Die sichtbaren Folgen des trockenen Sommers 2018: Das ausgetrockenete Wasserbecken vor Schloss Nymphenburg bei München. Mit dem Klimawandel werden heisse Sommer häufiger. | © wikimedia commons/Wzwz
Die sichtbaren Folgen des trockenen Sommers 2018: Das ausgetrockenete Wasserbecken vor Schloss Nymphenburg bei München. Mit dem Klimawandel werden heisse Sommer häufiger. | © wikimedia commons/Wzwz
20.05.2021 – Aktuell

Nichtstun ist auch keine Lösung

Klimawandel und die Grenzen unseres Vorstellungsvermögens

Warum haben wir Mühe mit dem Klimawandel? Weshalb handeln wir so zögerlich? Paul Burger, Professor für Nachhaltigkeitsforschung an der Universität Basel, sprach über den schwierigen Umgang mit nicht berechenbaren Risiken, die in ferner Zukunft liegen.

Am Freitag, 21. Mai ist der nächste Aktions- und Streiktag der Klimabewegung angesagt. Bezogen auf den Erscheinungstag dieser Pfarrblattausgabe also morgen. Das ist überschaubar. Ganz im Gegensatz dazu scheinen die gravierenden Folgen des Klimawandels weit weg. So weit weg, dass viele sich gar nicht betroffen fühlen. Das hat natürlich auch damit zu tun, dass es schwerfällt, liebgewonnene Gewohnheiten und Routinen im Minimum zu hinterfragen, aber nicht nur.

Grosse Unsicherheit

Beim Klimawandel gehe es um Risiken von Systemzusammenbrüchen in der Zukunft, die wir heute angehen müssten. So fasste Paul Burger in seinem Vortrag im Rahmen der Aeneas-Silvius-Ringvorlesung die Ausgangslage zusammen.
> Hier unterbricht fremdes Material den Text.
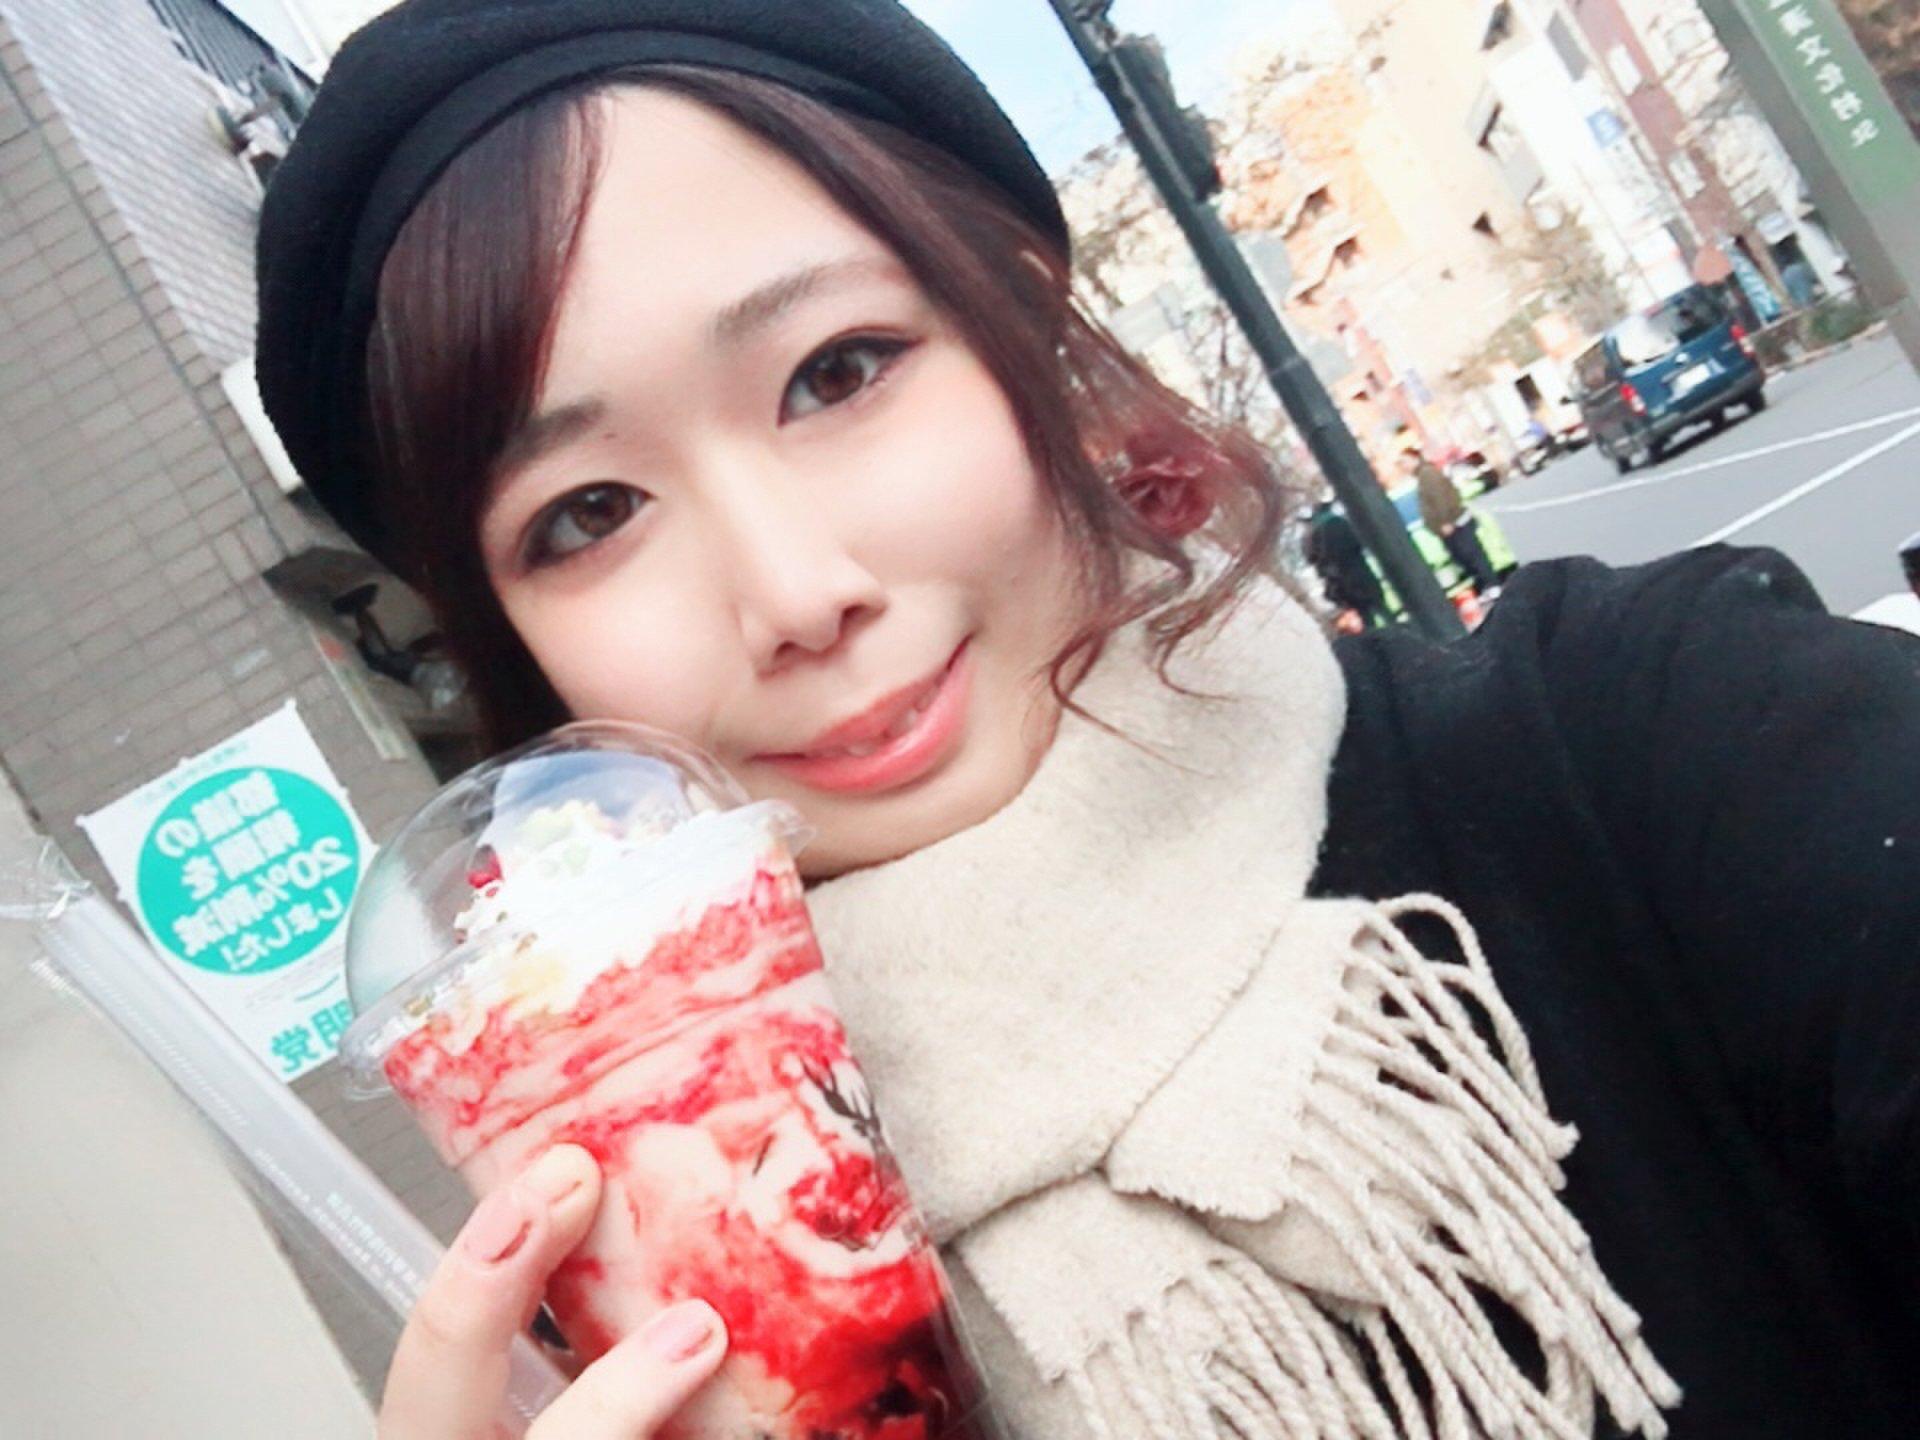 タピオカのゲシュタルト崩壊!渋谷のタピオカティースタンド「ジ アレイ ルージャオシャン」♡

Dass wir so zögerliche handeln, wie uns die Klimajugend auch am 21. Mai wieder lautstark vorwerfen wird, hat damit zu tun, dass mit diesen nicht in unmittelbarer Zukunft liegenden Risiken eine grosse Unsicherheit verbunden ist.

Unter einem Risiko versteht man die Wahrscheinlichkeit des Eintretens eines Ereignisses. Diese lässt sich dann beziffern, wenn man über genügend Informationen verfügt. Als Beispiele nannte Burger das Risiko, bei einem Verkehrsunfall zu sterben oder als Raucher/in an Lungenkrebs zu erkranken. Sind schon solche Risiken mit einer gewissen Unsicherheit behaftet, so gilt das in viel stärkerem Masse für Gefahren, die sich bestenfalls in Modellen abbilden lassen.

Das Problem dabei sei, dass man es nicht kalkulieren könne, sagte Burger. Ein Modell sei der Versuch, die Komplexität der Zukunft abzubilden. Allein schon aus dieser Formulierung wird deutlich, dass Unsicherheit der zentrale Faktor ist. Dazu kommt im Fall des Klimawandels, dass es sich nicht um ein einzelnes Ereignis handelt und nicht nur die Wahrscheinlichkeit des Eintretens, sondern auch der daraus resultierende Schaden nicht kalkuliert werden kann.

Zum Beispiel Corona

Ein konkretes Beispiel erleben wir seit etwas mehr als einem Jahr. Mit Corona tauchte ein Risiko auf, über das wir zunächst mehr oder weniger nichts wussten. Bald schon drehten sich die Diskussionen um kontroverse Bewertungen von Schäden. Und der Versuch der Wissenschaft, mit Modellen die Zukunft verständlich zu machen, stösst an Grenzen.

Auch beim Klimawandel arbeitet die Wissenschaft mit Modellen. Die Frage sei, wie man diese interpretieren, wie man damit umgehen müsse, hielt Burger fest. Es gelte auch zu bedenken, dass wir nicht wüssten, welche Werte die Menschen im Jahr 2080 haben werden. Die Unsicherheit sei aber kein Grund zum Nichthandeln. Nichts tun sei keine Option, doch auch blinder Aktivismus sei nicht angezeigt.

Gefordert sind wir alle, insbesondere aber auch die Wissenschaft in Sachen Kommunikation. Diese sollte begreifbar machen, dass sich der Klimawandel heute schon abspielt, auch wenn die ganz grossen Risiken erst für 2050 und später erwartet werden.